Stress Drop Variations in the Region of the 2014 MW8.1 Iquique
Earthquake, Northern Chile
Abstract
We compute stress drops from P and S phase spectra for 534 earthquakes
in the source region of the 2014 MW 8.1 Iquique megathrust earthquake in
the northern Chilean subduction zone. An empirical Green’s function
based method is applied to suitable event pairs selected by template
matching of eight years of continuous waveform data. We evaluate the
parameters involved in the stress drop estimation, consider the effect
of the local velocity structure and apply an empirical linear relation
between P and S phase related geometry factors (k values). Data
redundancy produced by multiple EGFs and the combination of P and S
phase spectra leads to a substantial reduction of uncertainty and robust
stress drop estimates.
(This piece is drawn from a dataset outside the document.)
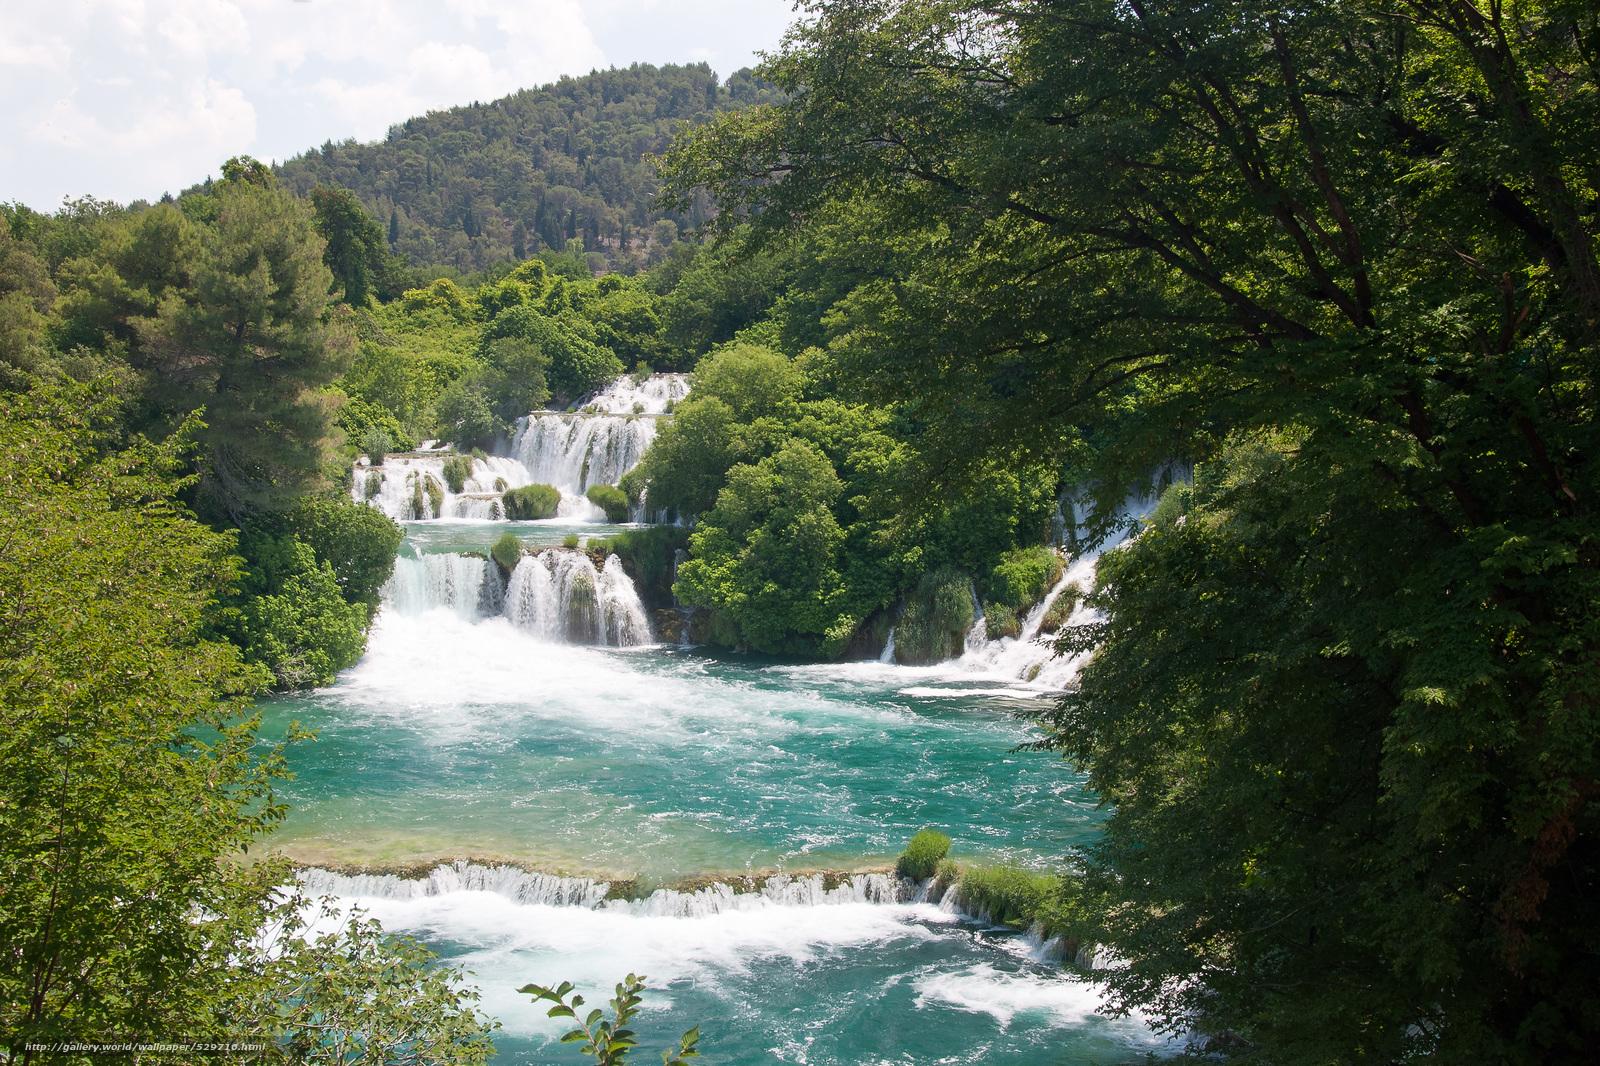 Скачать обои krka national park,  croatia,  река,  водопады бесплатно для рабочего стола в разрешении 3946x2630 — картинка №529710

The resulting stress drop values show a
well-defined log-normal distribution with a median value of 4.36 MPa;
most values range between 0.1-100 MPa. There is no evidence for
systematic large scale lateral variations of stress drop. A detailed
analysis reveals several regions of increased median stress drop, an
increase with distance to the interface, but no consistent increase with
depth. This suggests that fault regime and fault strength have a
stronger impact on the stress drop behavior than absolute stresses.
Interestingly, we find a weak time-dependence of the median stress drop,
with an increase immediately before the April 1, 2014 MW 8.1 Iquique
mainshock, a continuous reduction thereafter and a subsequent recovery
to average values. Additionally, the data set indicates a relatively
strong dependence of stress drop on magnitude which extends over the
entire analyzed magnitude range.